SmolVLM is a model that can process visual input and generate textual output. It distinguishes itself by requiring significantly less GPU power than comparable models, about half the resources.
Hugging Face describes SmolVLM as an “open multimodal model” that accepts arbitrary combinations of visual and text input and generates text output. The model is versatile: It can answer questions about images, describe visual content, create stories based on multiple images, or function as a traditional language model without visual input.

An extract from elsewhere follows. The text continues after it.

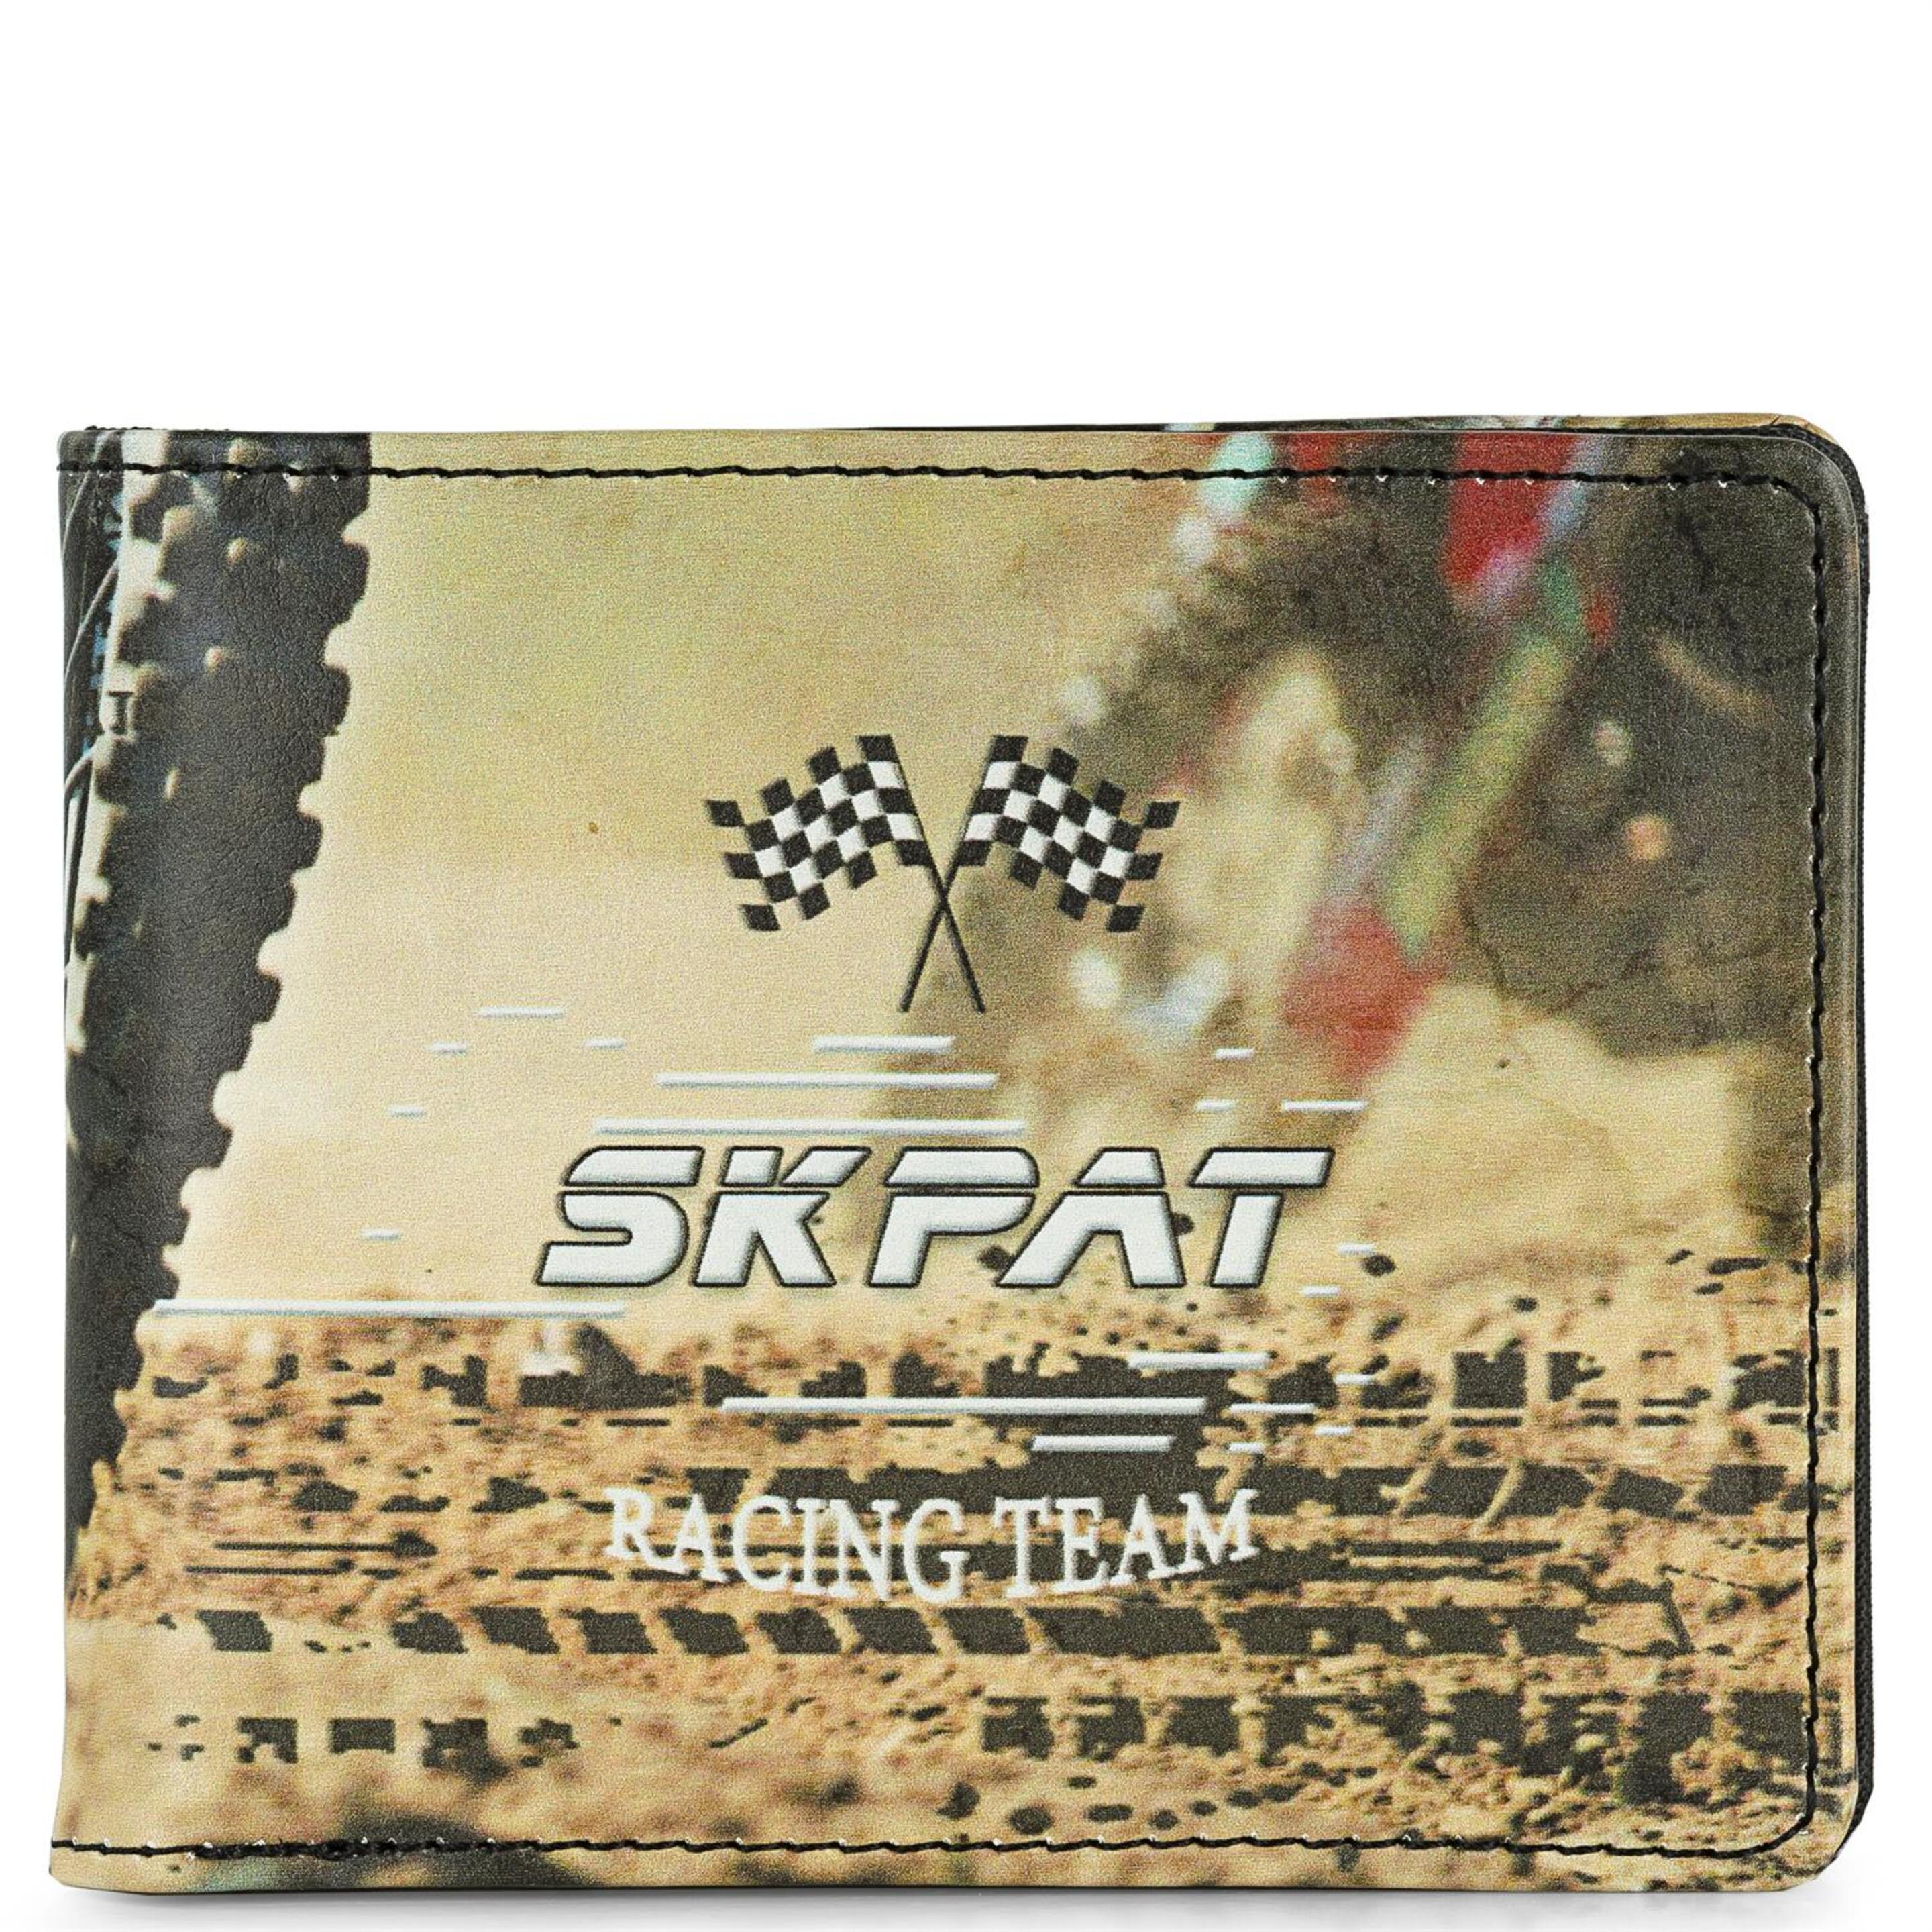 Carteira Skpat Racing Team - Multicor | Sport Zone MKP
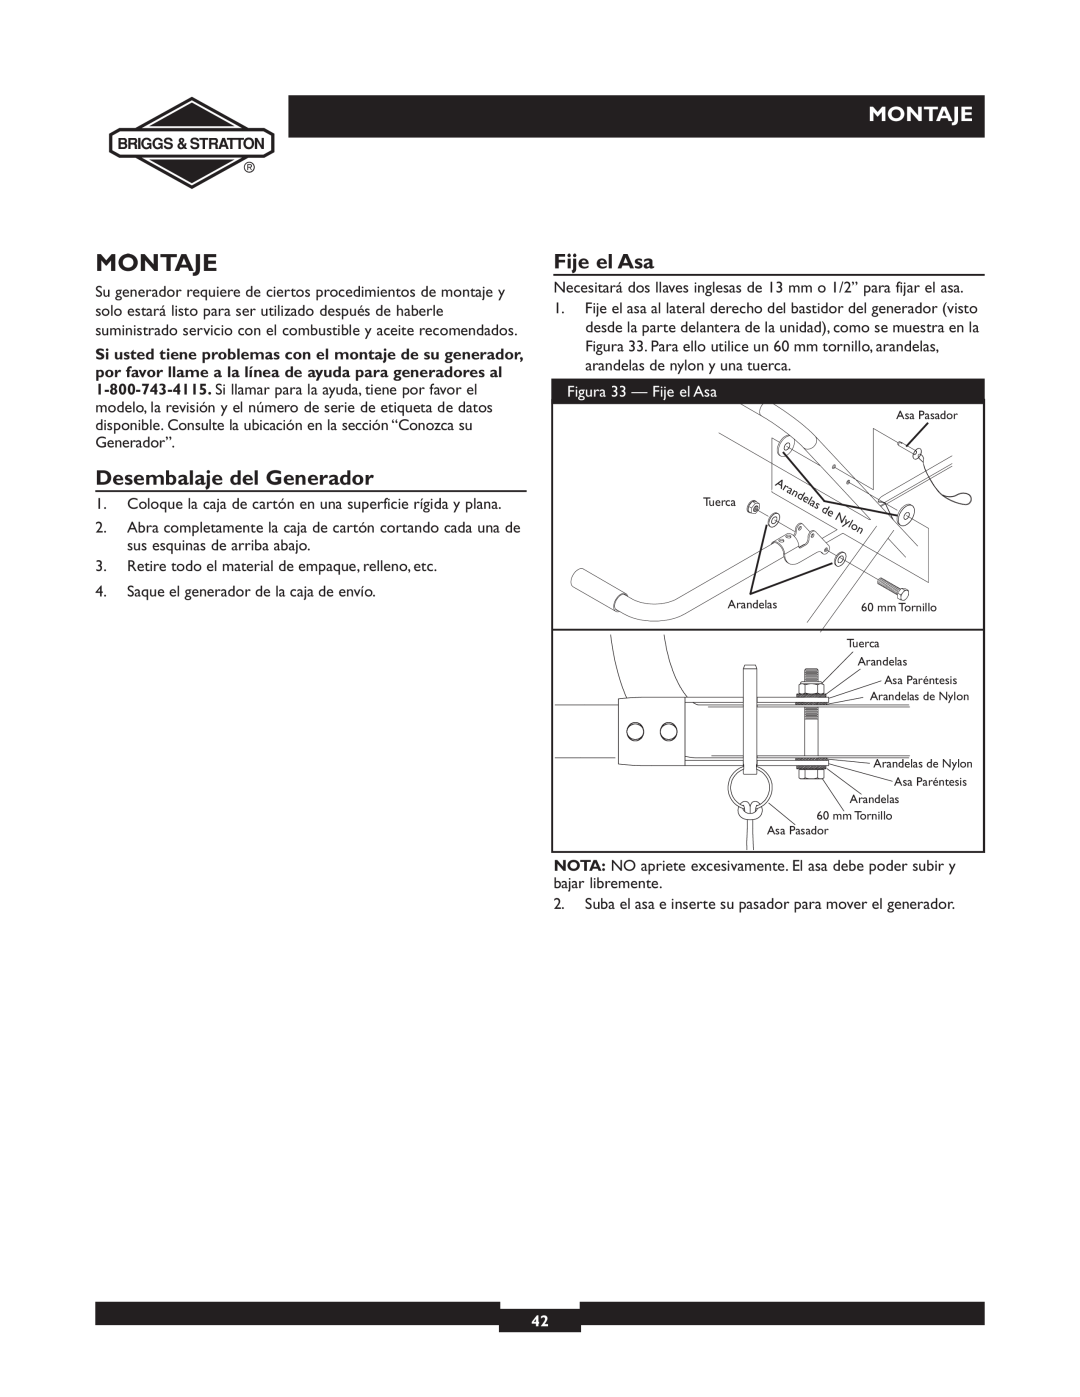 Briggs & Stratton 01894-1 manual Montaje, Desembalaje del Generador, Figura 33 - Fije el Asa

SmolVLM can be an interesting option for companies, especially given the high cost of implementing large language models in organizations. Multimodal models, which process text and visual input, can be particularly costly because they require high IT resources, such as computing power.
New way of working
For SmolVLM, Hugging Face significantly modified the architecture, resulting in a model that requires 5.02 GB of RAM. For example, this is significantly less than InternVL2 2B, which requires 10.52 GB of memory. This more efficient approach makes SmolVLM suitable for on-device applications, with the model continuing to deliver strong performance.
Technically, Hugging Face applies a new image compression method, allowing the model to make faster decisions with less RAM usage. SmolVLM uses 81 visual tokens to encode image patches of 384×384 pixels. Larger images are divided into patches that are encoded separately. This keeps the model running efficiently without compromising performance.